VCT: VCTs offer a useful source of tax-free dividends for high earners and retirees, often with a more diversified portfolio than single EIS investments.
BR: We incorporate BR-qualifying assets in estate plans for clients with potential inheritance tax exposure, especially when trusts or gifts aren’t suitable.
Due diligence, manager selection, and diversification are crucial, given the underlying risk and illiquidity of these vehicles.
Who Are They For?
These vehicles are best suited to:
High earners looking to reduce income tax or CGT.
Entrepreneurs planning a business exit and seeking CGT deferral.
Older investors addressing inheritance tax liabilities.

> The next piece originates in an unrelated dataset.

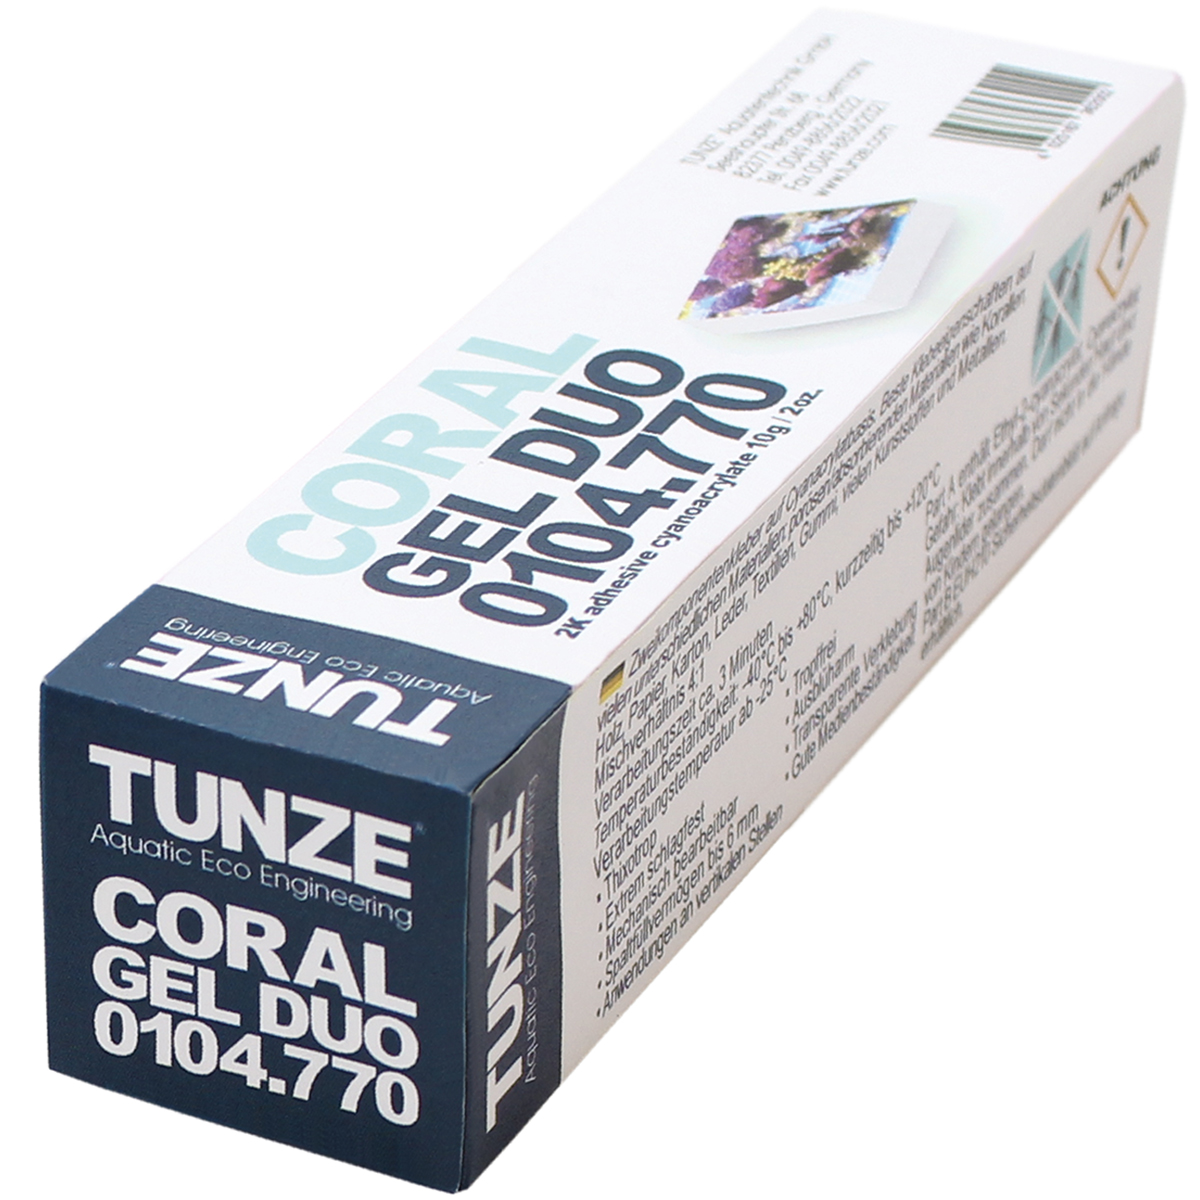 Coral Gel duo, 10g TUNZE 0104.770
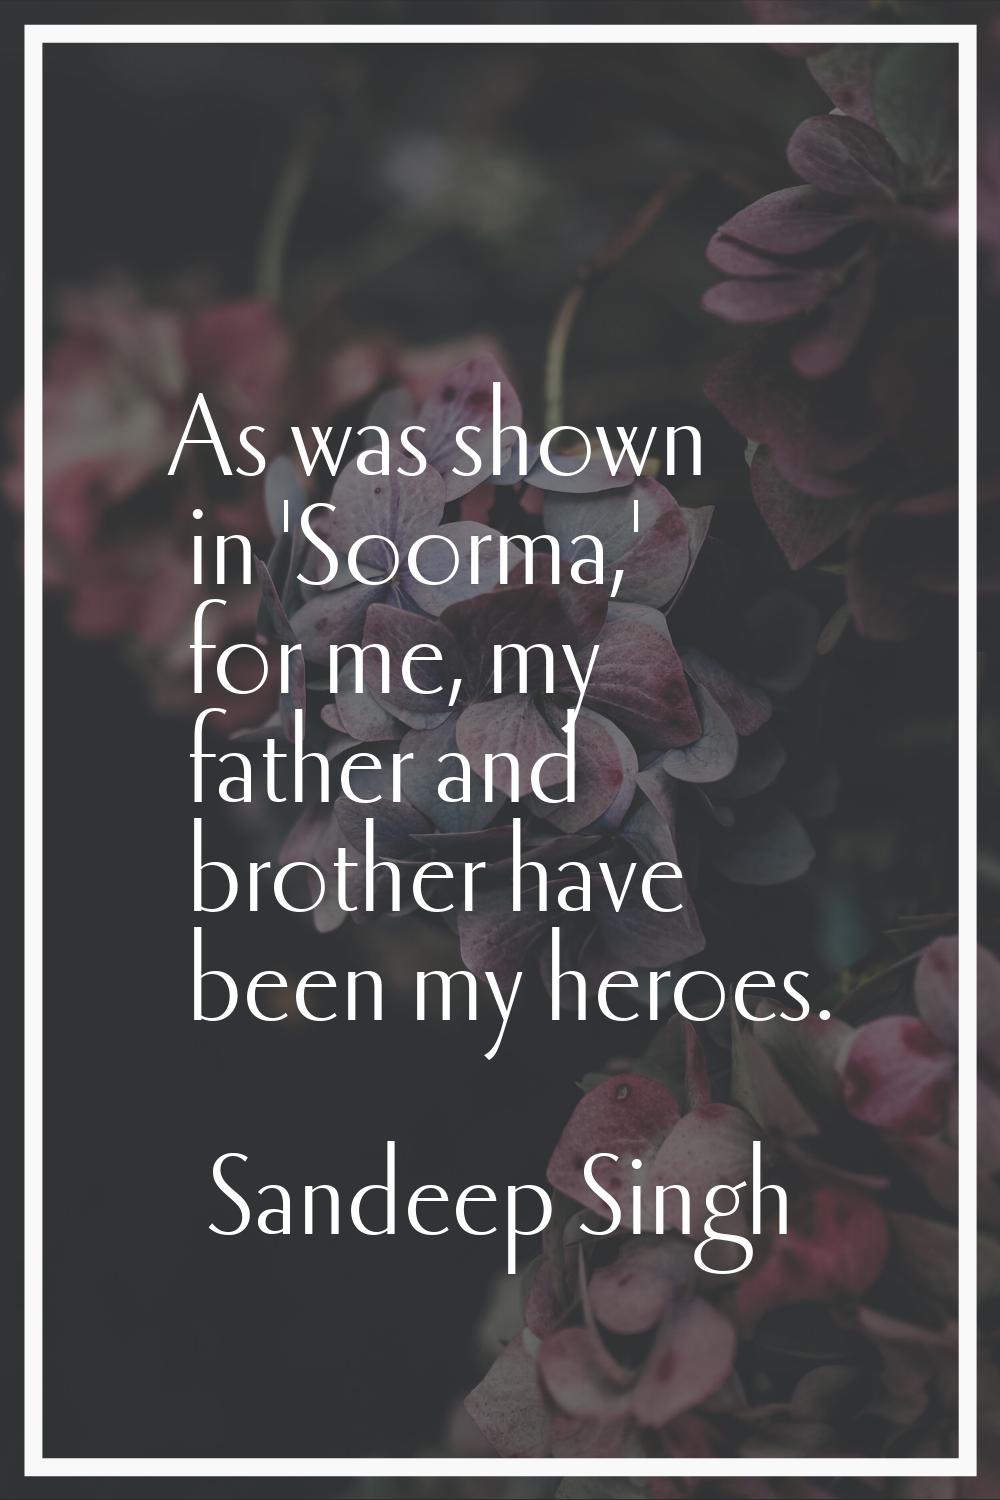 As was shown in 'Soorma,' for me, my father and brother have been my heroes.

Clients with a long-term outlook and appetite for higher risk.
We assess suitability on a case-by-case basis, ensuring alignment with cashflow needs, risk tolerance, and broader planning objectives. With potential changes to IHT we can see these products being of use to a wider range of clients in the future.
Hamilton Summary
EIS, VCT, and Business Relief offer unique opportunities to invest with purpose while managing tax exposure. They are specialist tools not core holdings and should be treated with caution, care, and professional guidance.
For clients with complex financial needs, these vehicles can unlock powerful tax planning benefits and access to exciting sectors of the UK economy. We are here to guide clients through selection, suitability, and ongoing review to ensure these investments continue to support their long-term objectives.